Segment Start: MATERIAL SHOWN

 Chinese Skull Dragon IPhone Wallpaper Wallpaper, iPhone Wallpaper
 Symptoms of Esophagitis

Segment End: MATERIAL SHOWN
Segment Start: MATERIAL SHOWN

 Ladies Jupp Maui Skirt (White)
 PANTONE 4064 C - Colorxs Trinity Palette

Segment End: MATERIAL SHOWN
Segment Start: MATERIAL SHOWN

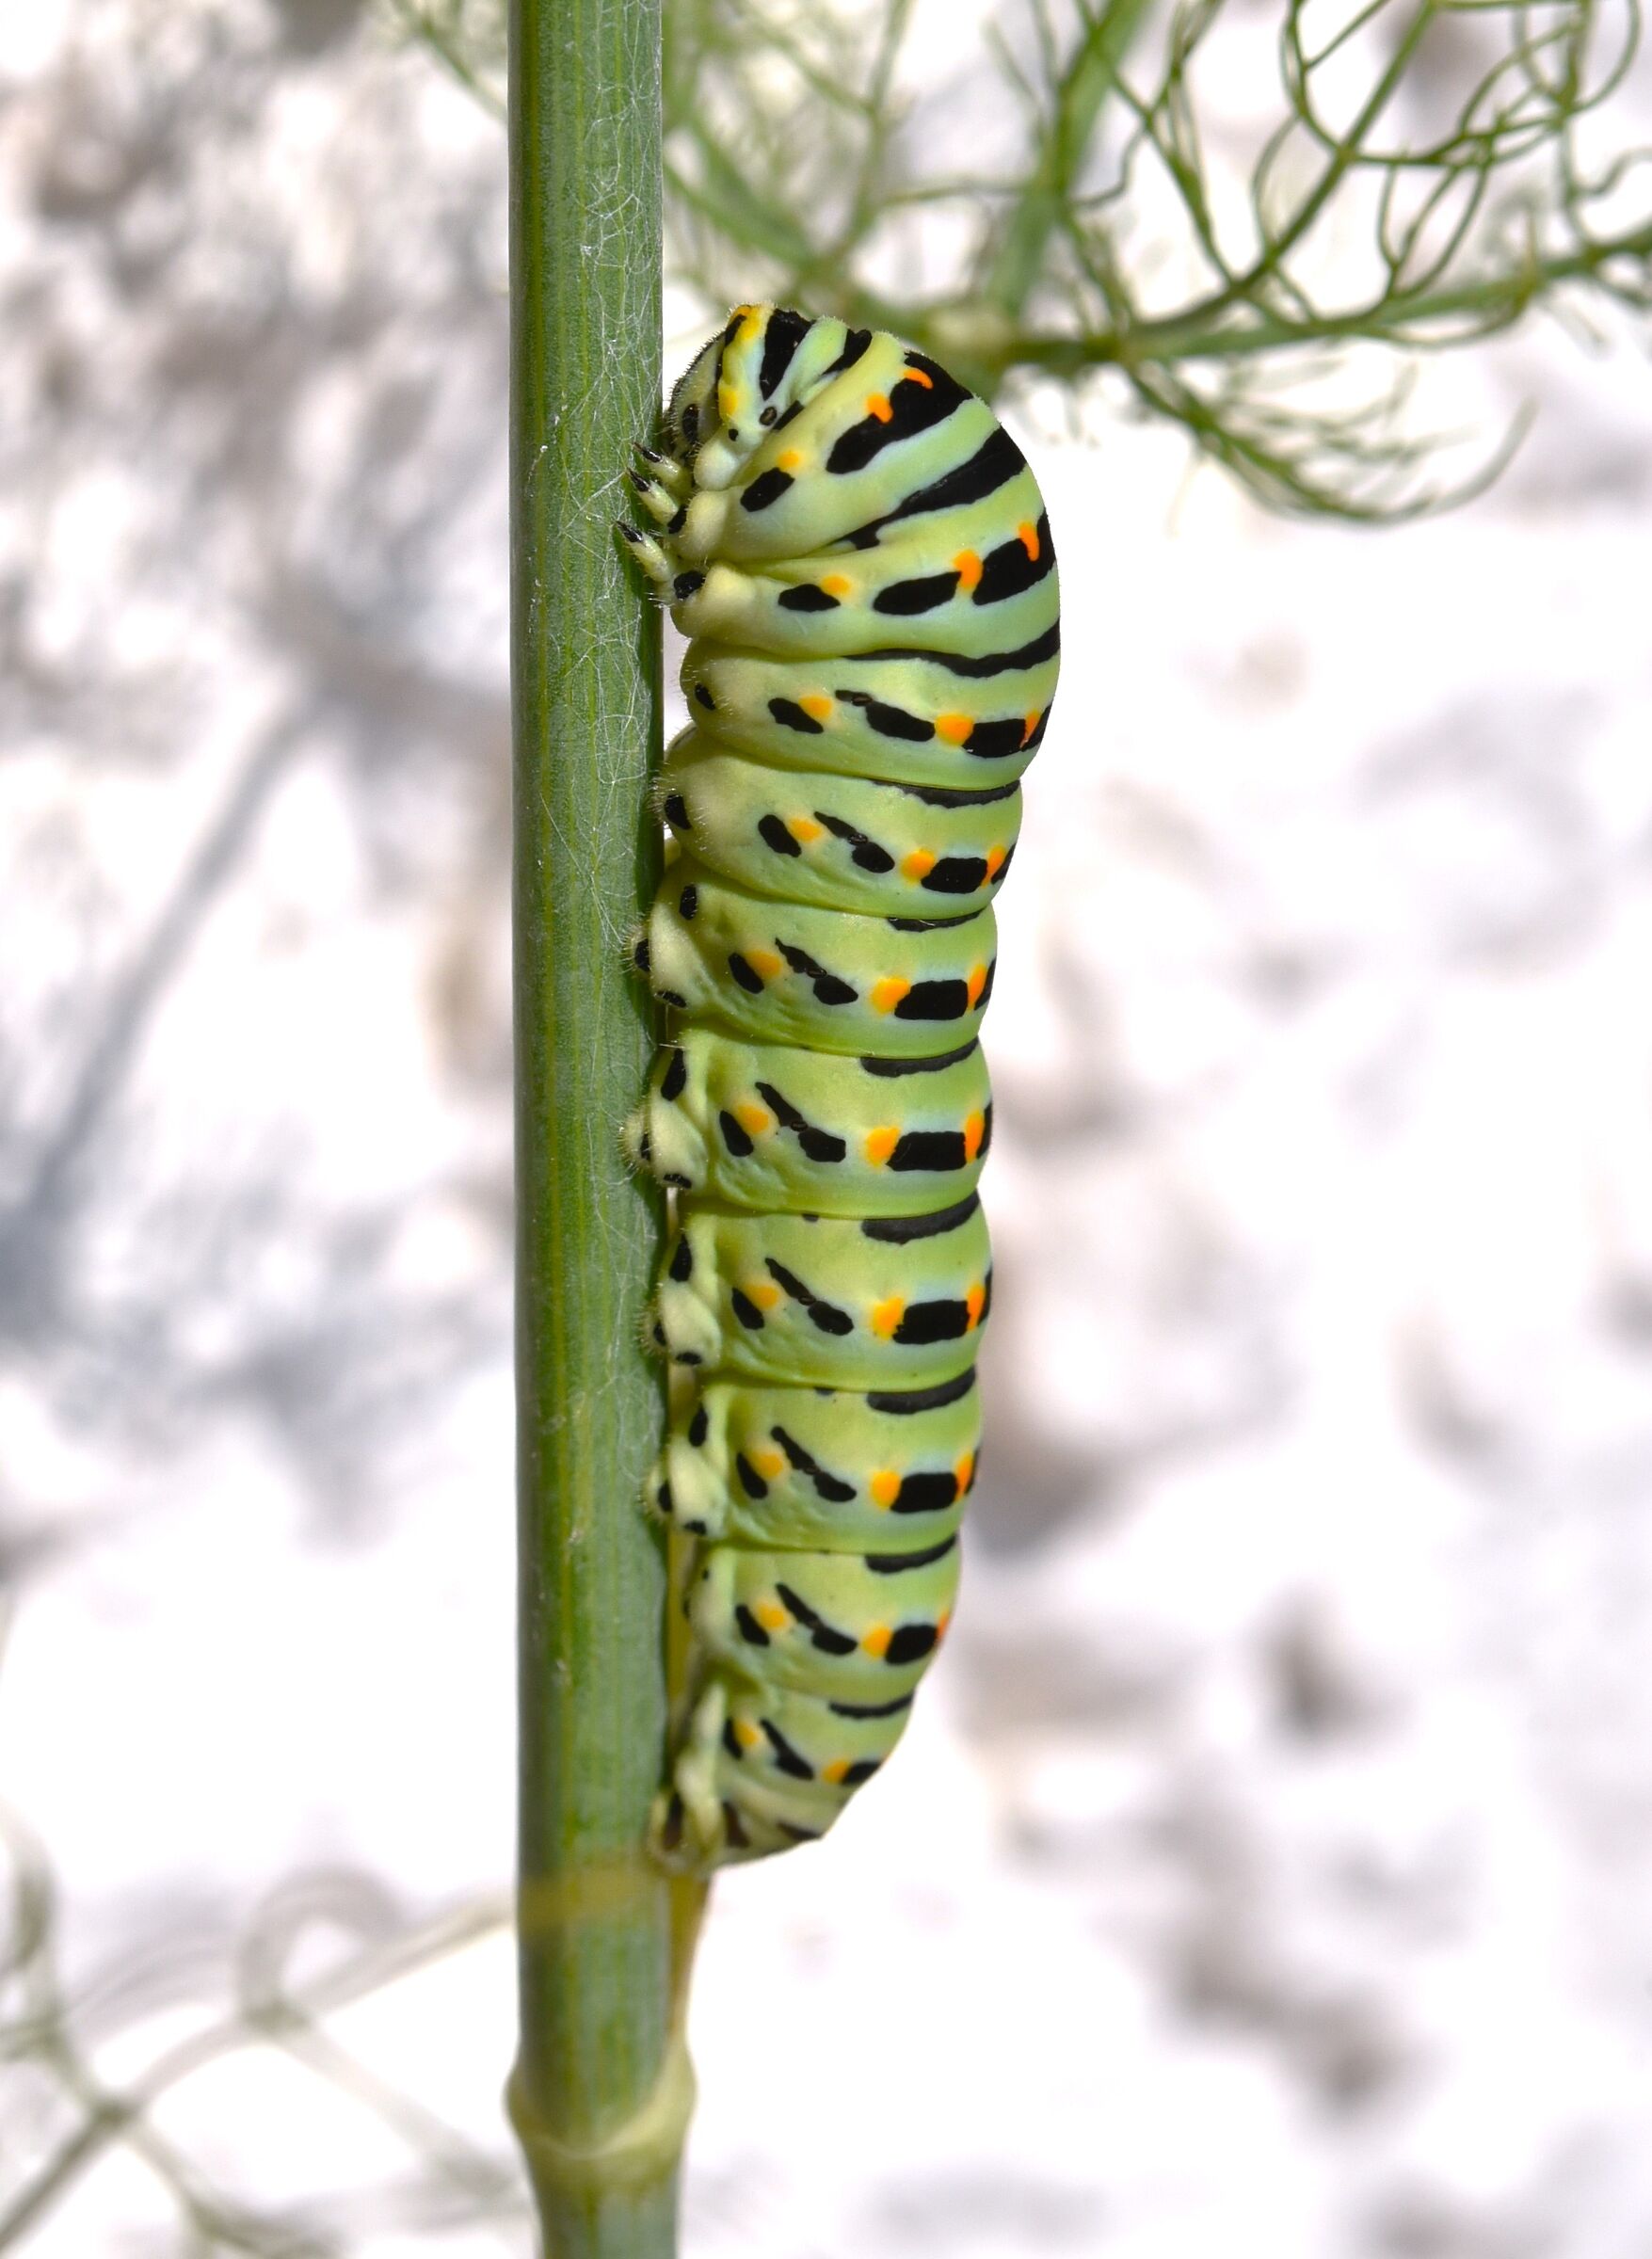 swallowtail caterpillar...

Segment End: MATERIAL SHOWN

▸ **ACTION ITEM**
When the line with "Chinese Skull Dragon" is reached in the data above, start copying there, and copy each line exactly until the line with "Symptoms of Esophagitis" has been copied; copy nothing else.

▸ **WRITTEN ANSWER**
 Chinese Skull Dragon IPhone Wallpaper Wallpaper, iPhone Wallpaper
 Symptoms of Esophagitis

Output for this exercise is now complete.